Being able to SSH into CI is indeed very valuable. It does require leaving the job container lying around for some period of time (like 30 minutes) just so you can connect to it. Or run it again and connect the terminal to the new container.

Yeah that sounds like something feasible. Keep the container around by default for 0 seconds but allow config in both gitlab-runner config.toml and ci file to keep for up to 1 hour? And start and connect to it via the UI?

Would you like me to write up some more specs and scope?

It should be possible to stop the container and re-run it on the same runner when a user wants to debug it. In addition to this, it would take a garbage collector that destroys the containers too old.

added ~122770 label

@alexispires Depends on your runner usage. For GitLab.com, for example, we flush each runner after a single job is run. There's no re-use of runners at all for security purposes.

@markpundsack Any future plans on this? I had a customer today asking for a feature like this.

added customer label

added [deprecated] Accepting merge requests label

@to1ne It's a good idea, but this is not scheduled at all. I added the ~"Accepting Merge Requests" label.

mentioned in issue #39018 (moved)

Is this a duplicate of #22319 (moved)? Or is this one just about web terminal access, while #22319 (moved) is about SSH terminal access?

I'd like to take this up.

Proposed design

I'm focusing on the Kubernetes executor because web terminal integration for it already exists in environments and review apps. The way I imagine this will work is similar to what CircleCI does:

By default, web terminal is disabled for builds
Every completed build displays a Retry with Web Terminal Access button
Once the build starts, the user can click the web terminal icon and connect
We'll retain the Kubernetes pod/container for a fixed period (say, 30 minutes) after the build ends, in case they want to inspect the final state
If the user no longer needs the terminal, they can click a button to free up retained resources (what should this be called? A "stop" icon with a tooltip might suffice)

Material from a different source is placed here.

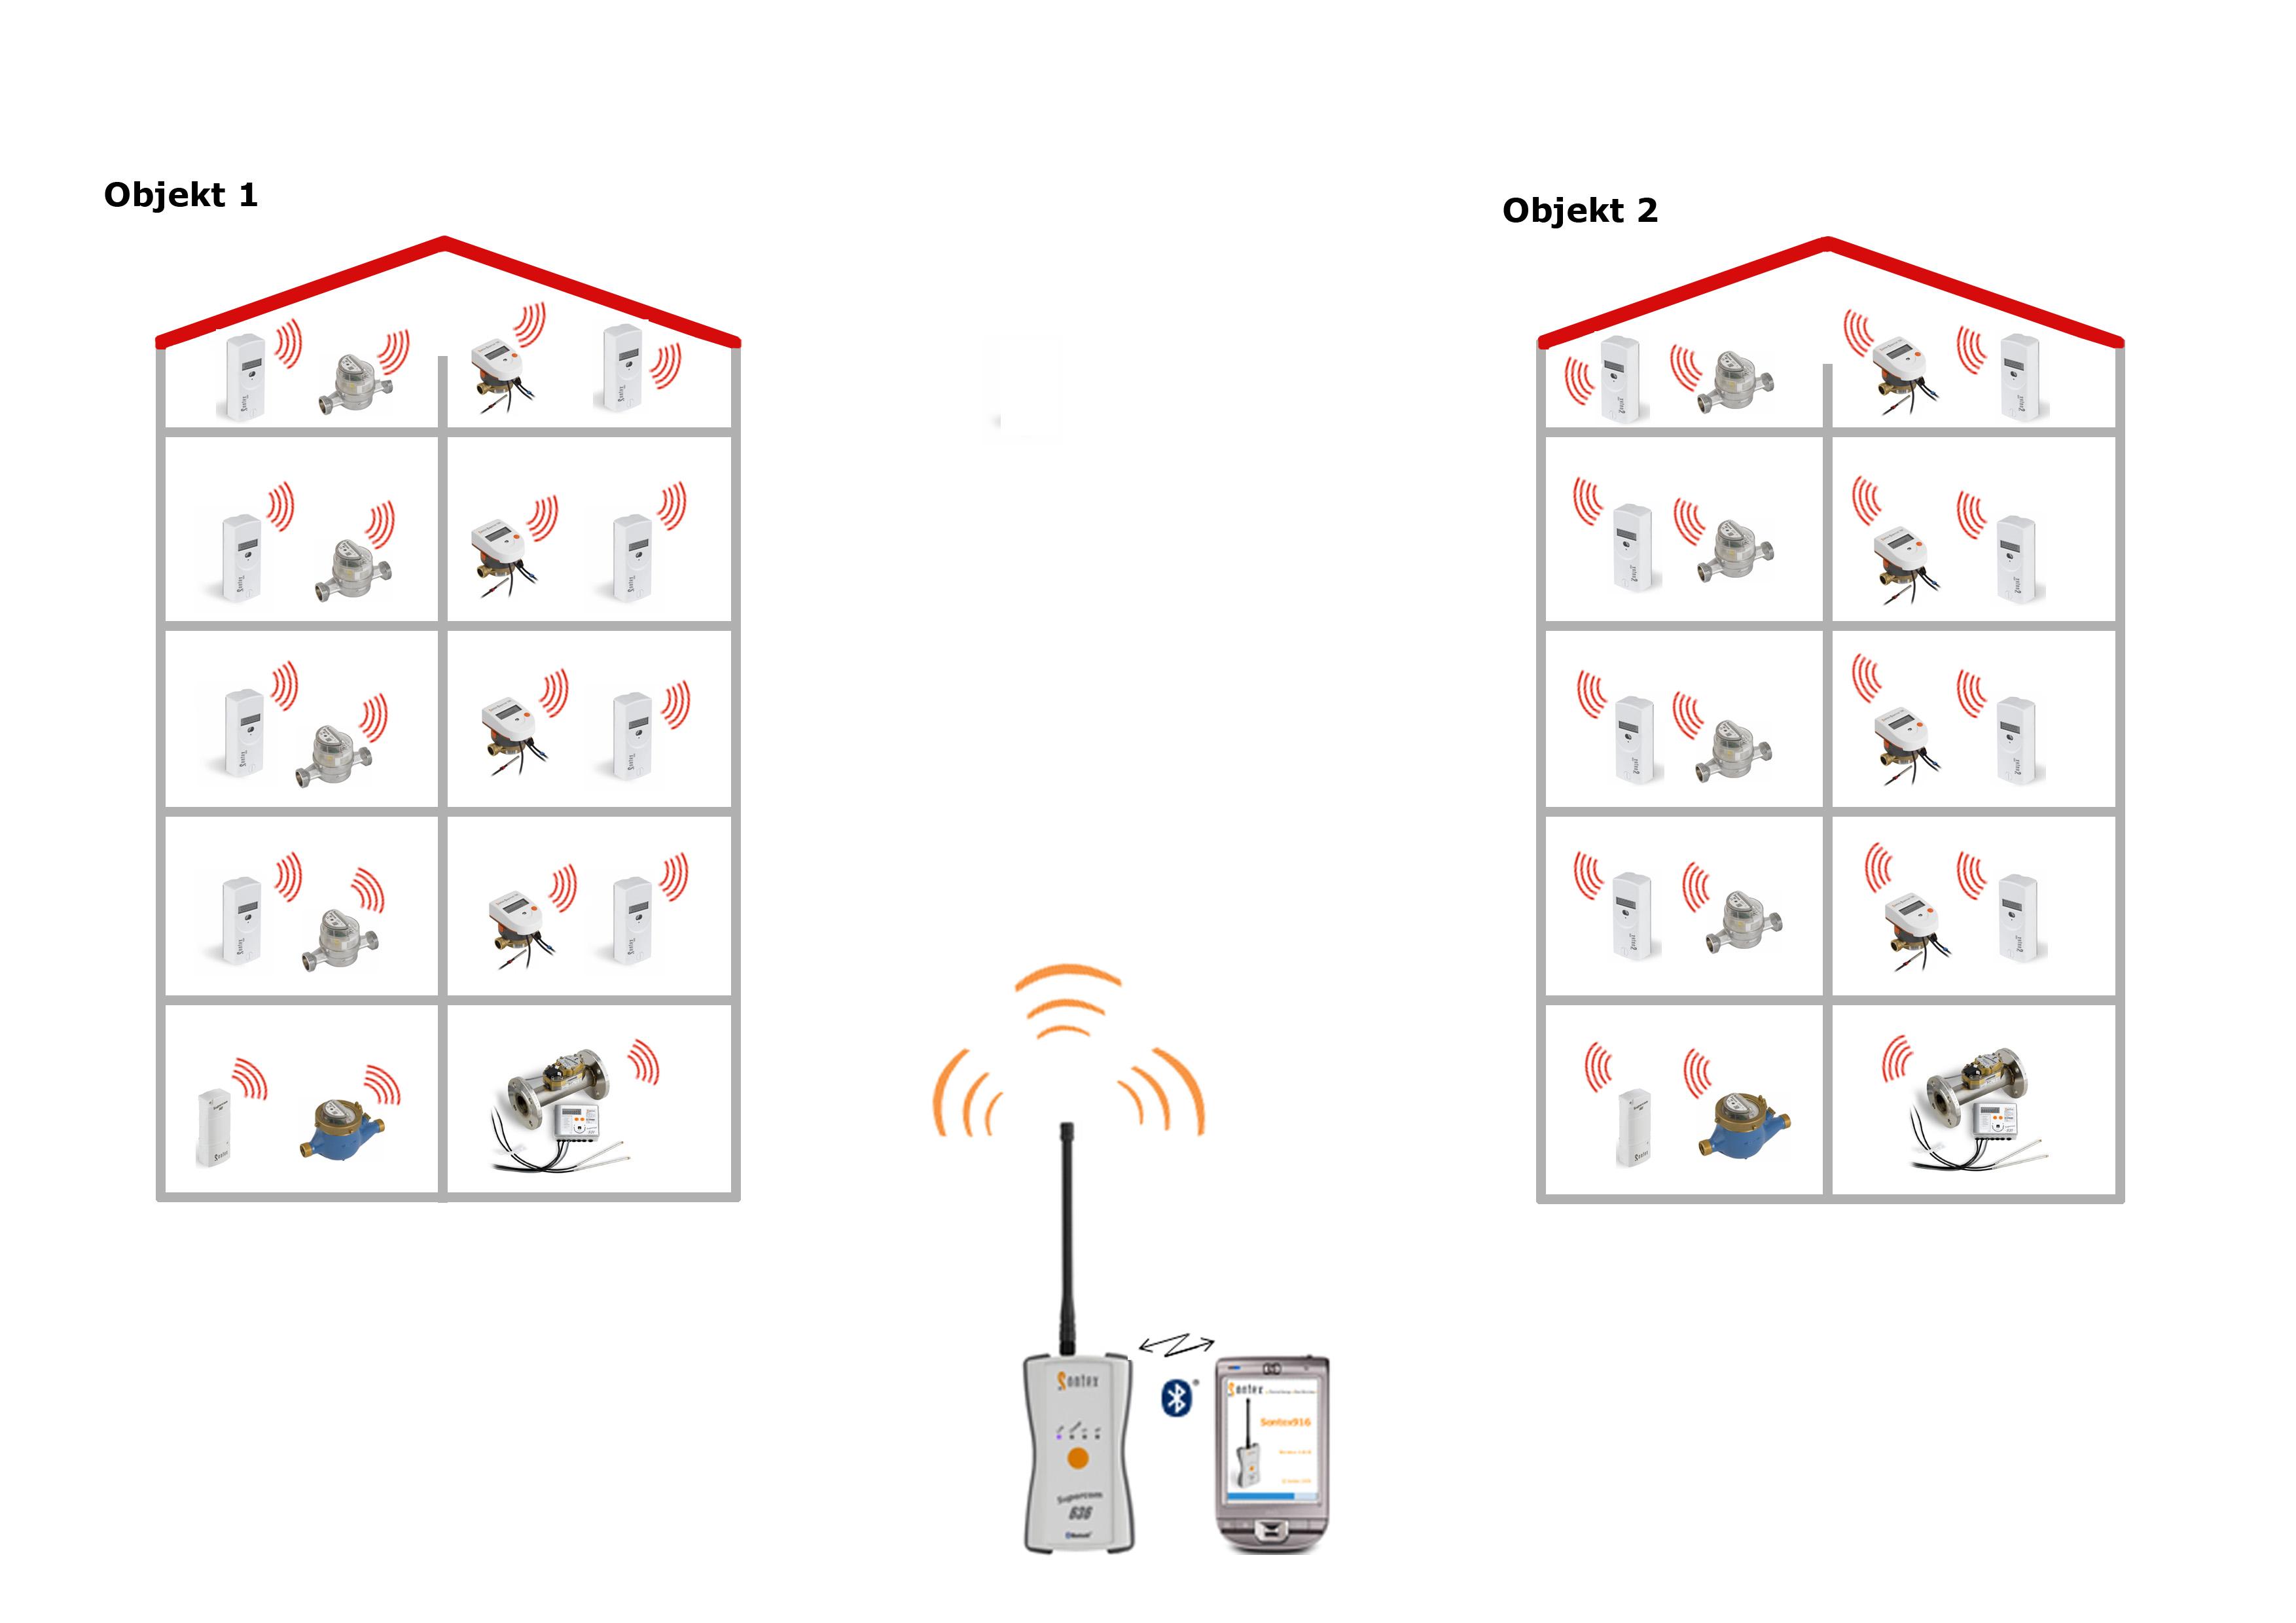 sontex-supercom-schema-zberu-dat-pochodzkovym-systemom-pomocou-radiomode

Alternatively, we could try to make it so that any running build on Kubernetes has web terminal enabled, and we retain the container after build completion as long as the user is connected (upto a max retention period of, say, 30 minutes or 1 hour). This is a more flexible approach for the following reasons, although I'm yet to evaluate its technical feasibility:

To troubleshoot failed builds (which was the original use-case), the user can simply click the existing Retry button and connect
In addition, it satisfies use-cases where logging into a running build container would be handy even though there were no build failures - concrete examples of such use-cases are welcome

Could someone from the UX or product team weigh in on this?

Proposed implementation

The code changes that I think will be required for this:

Connecting web terminal to CI build pods in Kubernetes via websockets (I've got this working)
The build pod will need to be labelled in a way similar to what's used for web terminals in review apps, so that the pod for a given build can be found
A background job for destroying the pod 30 minutes after build completion
Database change to store whether a build has web terminal enabled or not (unless we go with the 2nd approach above)
UI changes

Feedback is welcome on any of this.

@vickyc That sounds awesome! So can we assign you to this issue?

I'm not too familiar with Kubernetes, so I've notified some people on chat hoping they can chime into this discussion.

cc @markpundsack @ayufan

Well. This gets tricky. I'm not sure whether we should mess with GitLab Runner responsibility on taking care of Pods, as this is GitLab Runner who takes care of Pods life cycle. If we go this way we might end-up with situations where we dual brain.

I would rather see that all communication to terminal goes through GitLab Runner. GitLab Runner can expose communication channel which is secured, GitLab does forward websocket connection to GitLab Runner. GitLab Runner is in full control of the process and the lifecycle of the pod. It also makes it possible to work with every type of executor, not only Kubernetes and it does not require any special labeling as Runner knows exactly what was created.

The above requires creating slightly more to perform gluing all needed parts.

Well, an even simpler solution would be for Runner to create a secure SSH server for each run build which could be used by the user with a login and password to the remote machine provided by Runner. Then you could use external tools for accessing the terminal.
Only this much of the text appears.